Он умел придавать собственным мечтаниям, заботам, даже бедам юмористический оттенок, не угнетая тебя унынием и беспросветностью, и тем искренней, достоверней были его слова. Вообще я с радостью убеждался в том, что перерыв в наших отношениях не развел нас слишком далеко.
Однажды он позвал меня в детский плавательный бассейн.
— В плавательный бассейн?..
— Ты не удивляйся, — сказал он. — Габриэлян водит туда сына. Сын плавает, а он наблюдает за ним с антресолей, вокруг него братва… вообще, там, где появляется Габриэлян, возникает уют, какой-то салонный, что ли, порядок, воздух электризуется — словом, то Габриэлян.
И вот мы идем между рядами теплых пахучих сосен, зрение мое как бы оживает, обостряется среди зелени, в груди мягко и легко. Мы входим в бассейн и поднимаемся на антресоли. Я уже издали вижу Делю. Внизу яркость и звучность воды, дробящийся детский смех, и все это взлетает, парит и, наконец, достигает ее головки и мягко, грустно витает над нею. Наши шаги по кафелю звучат слишком громко, Деля оглядывается и с улыбкой щурится на нас.
— Браво, — сказала она, — уж вас, да еще вместе, я не ждала.
Ее глаза мягко и утешительно глянули на меня.
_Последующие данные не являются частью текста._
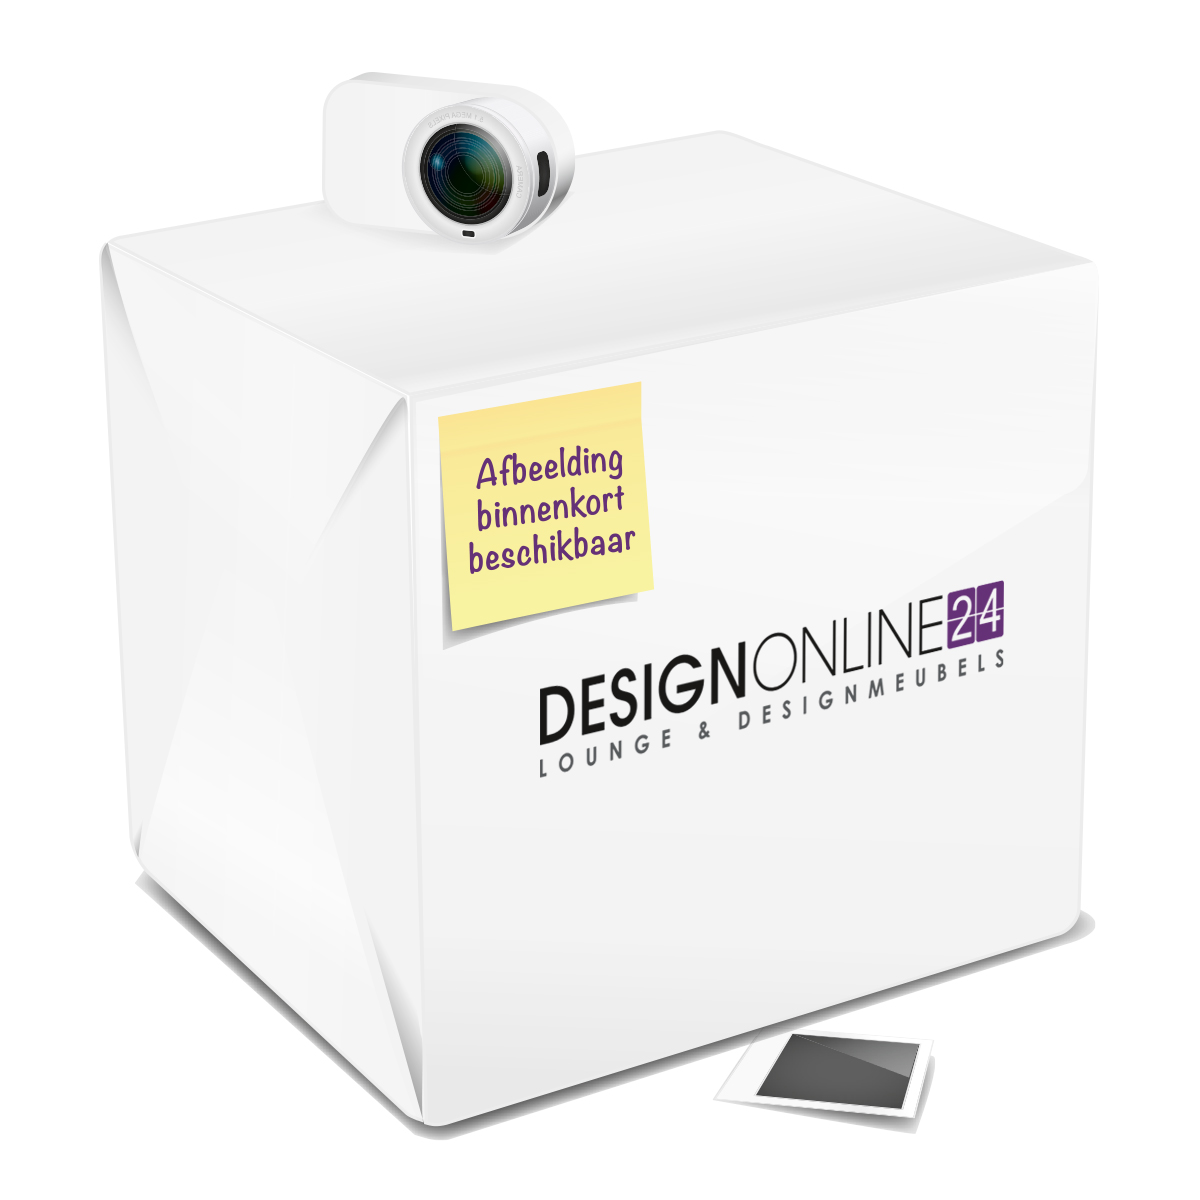 Cumi Bijzettafel hout wit hoogglans Zuiver   DesignOnline24

В эту минуту я почувствовал себя так, будто не было разделявших нас лет, а все по-прежнему, все только начинается, почкуется в нежной незащищенности, еще и в помине нет угрозы той нашей последней встречи, когда я сам же и послал ее утешить бедного Биляла.
Мы не заметили, как Алеша оставил нас.
…Она рассказывала о прошлом своем житье, о чем не только я, но и те, кто жил вблизи, не имели ни малейшего понятия.
Дедовская деревянная школа, святое волнение юной учительницы, озарения зрелости, и первое осознание скорбных трудов дедушки, и чувство причащенности добрым деяниям, и сомнения, и страх перед суетой сует.
— Я боялась безверия, — сказала она, — я боялась однажды… уж не знаю в какую страшную минуту невзлюбить свой труд. Но больше всего я боялась оправдать это жизненными неурядицами.
Я не произнес ни одного слова, пока она говорила, и тут она сказала:
— А ты не спрашиваешь, почему я вышла замуж за Биляла?
— Нет, — сказал я, — потому что ты не сумеешь ответить.
— Самое обидное в том, что мне не в чем упрекнуть его. Точнее, может быть, я не знаю, в чем его можно упрекнуть.
«Это печально, — подумал я, — для него печально, А впрочем, ему теперь все равно».
— Я никогда не могла понять, за что они меня, и Биляла тоже, преследуют. Не могла я этого понять! А теперь и не стараюсь. Нет, вру, все-таки хотела бы понять.
У вас разные мерки к вещам и понятиям, подумал я. Что интересно и ценно для них, для тебя не представляет ни интереса, ни ценности.
— Идем отсюда, — сказала Деля, — здесь сырой воздух, голова у меня начинает гудеть.
Мы прошли узким коридором, в котором плавала сумеречная банная сырость, спустились на первый этаж и вышли на широкое каменное крыльцо. Напротив, на поляне, стояли Габриэлян с сынишкой и Салтыков.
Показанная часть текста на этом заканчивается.